Mytilus the mussel (a filter feeder like the barnacles) is capable of living totally submerged in the subtidal but we rarely see it there. Why? Because Pisaster the seastar who also prefers to stay submerged, consumes all the lower mussels first before risking feeding in areas that become exposed during low tide. Remember that Nucella also likes to eat mussels but - here's another twist to the story - Nucella also gets eaten by Pisaster if it moves too low down into the water column. So we have Nucella feeding on Mytilus from above and Pisaster feeding on it from below. Pisaster makes short work of mussel meals whereas Nucella takes hours to eat just one animal. The result is that Mytilus can grow and reproduce faster in the "snail zone" than in the "seastar zone". Consequently we see a neat band of mussels just below the acorn barnacle band. The mussel band upper limit is set by the mussel's exposure tolerance; the lower limit is set by the exposure tolerance of its predator Pisaster.

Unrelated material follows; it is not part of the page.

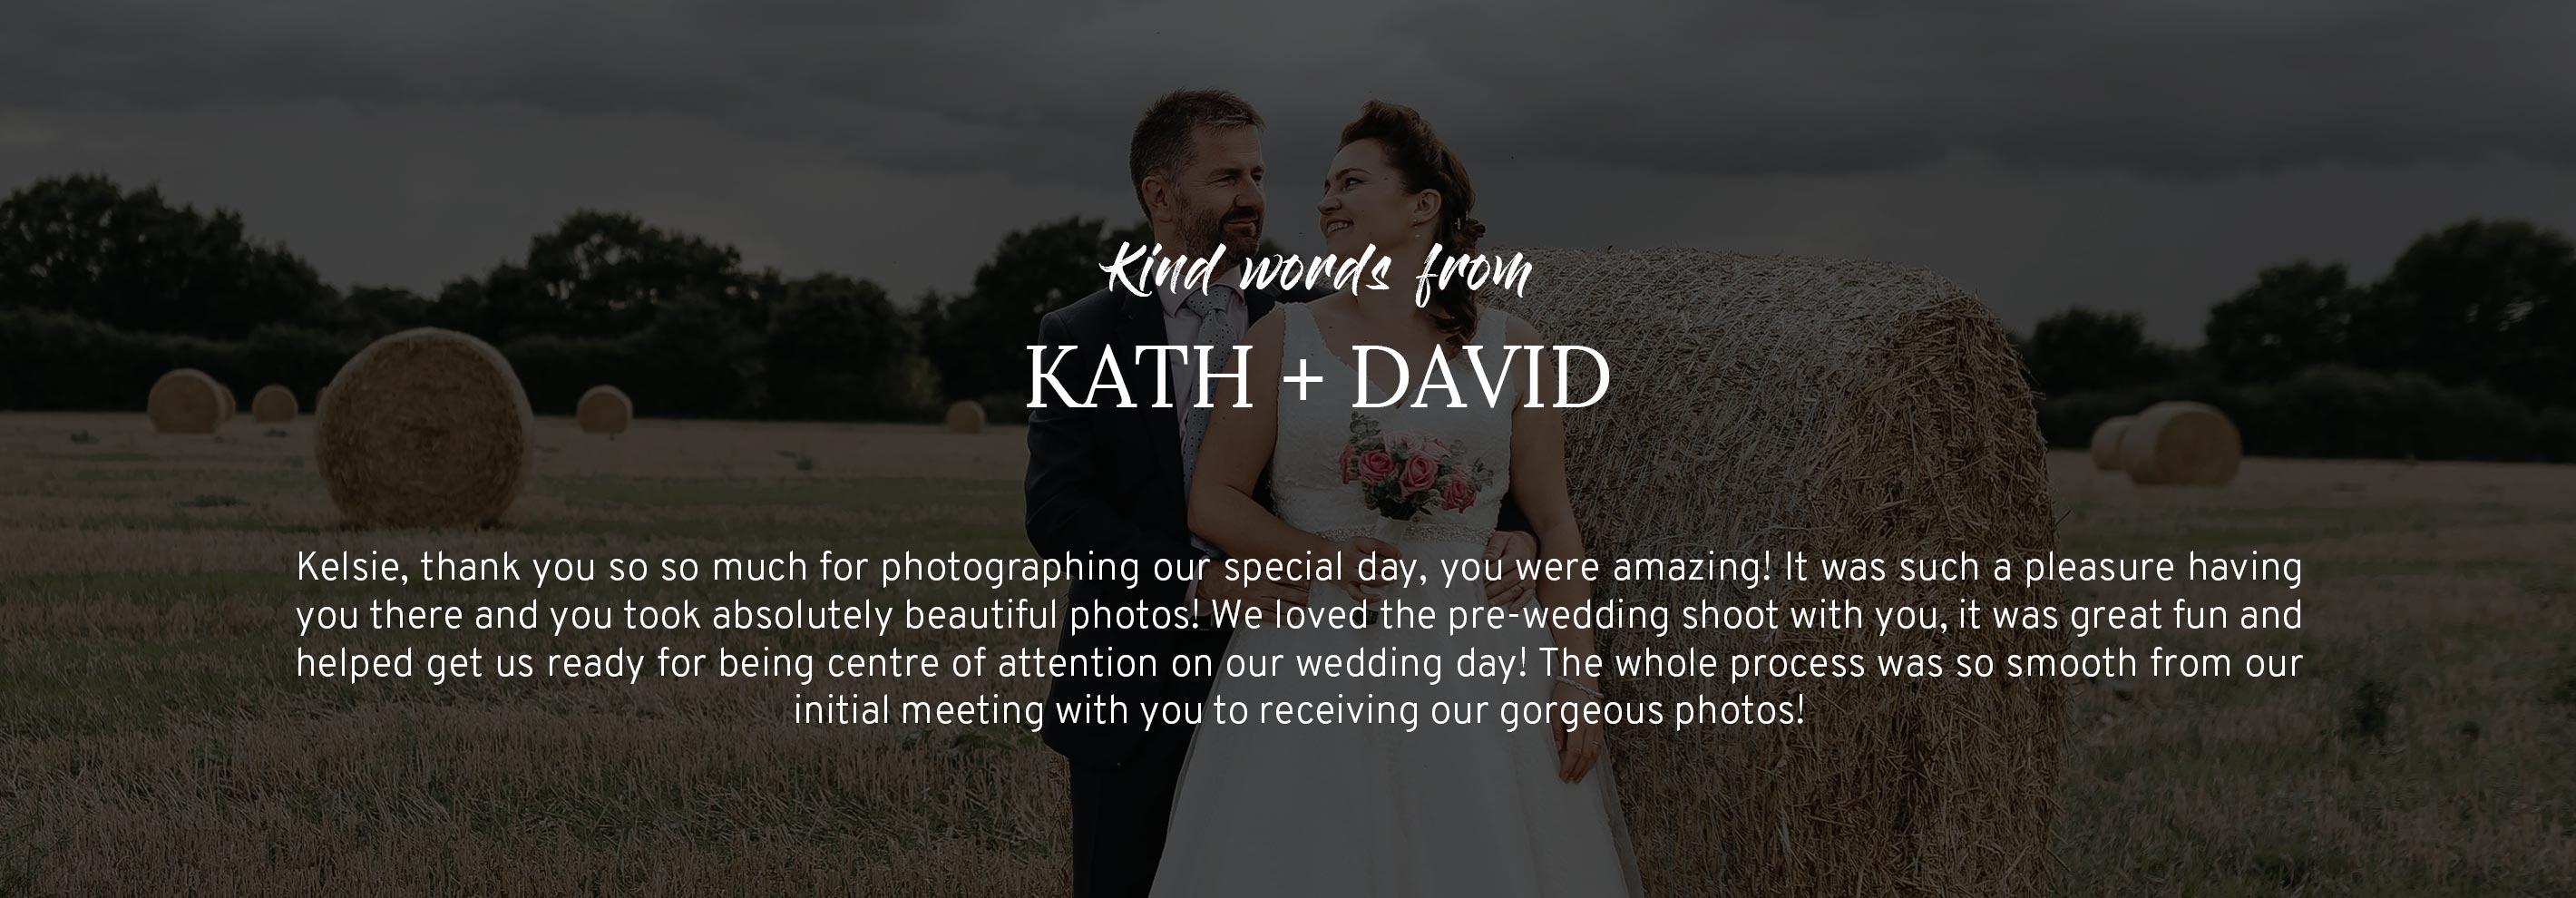 essex-weddings-photographer-testimonials

This vignette is just one example of the hundreds of ecological interactions taking place in the intertidal, not just among animals, but between seaweeds and animals and among different species of seaweeds which also have to make choices between a place to live, availability of resources (mainly sunlight), and avoidance of predation (grazing) and desiccation. The result of all of this, is a series of zones (or ecological niches) in which the inhabitants of each zone have worked out a harmonious living arrangement that allows them to meet their physical and biological needs for growth and reproduction.

On an evolutionary time scale there continues to be subtle shifts in zone community structure as organisms decide to "jump zones" and try out new niches. Some, like the high intertidal Littorine snails, have moved so high and dry they are thought to be heading toward a terrestrial existence (if they only knew what was waiting for them)! Other organisms evolve toward lower habitats.

Among other factors that can blur zone boundaries are, storm events which might scour rock surfaces opening up space for opportunistic colonizers, population explosions (causing a temporarily encroachment of one species into another zone) or the disappearance of species (from disease or over harvesting) which might provide an opportunity for others to move into the vacated niche, and microhabitats i.e. crevasses, tide pools and other havens of protection. The biggest blur occurs on flat or gently sloping beaches where a one foot drop in tidal elevation can be spread out over hundreds of feet horizontally.

And so it goes, this intertidal aquatic opera, held not in acts but ZONES. The concept of intertidal zonation is not the final word when trying to pin point the habitats of intertidal organisms, but it is a valuable and fun tool to help us understand the complex ecological relationships that abound in the intertidal.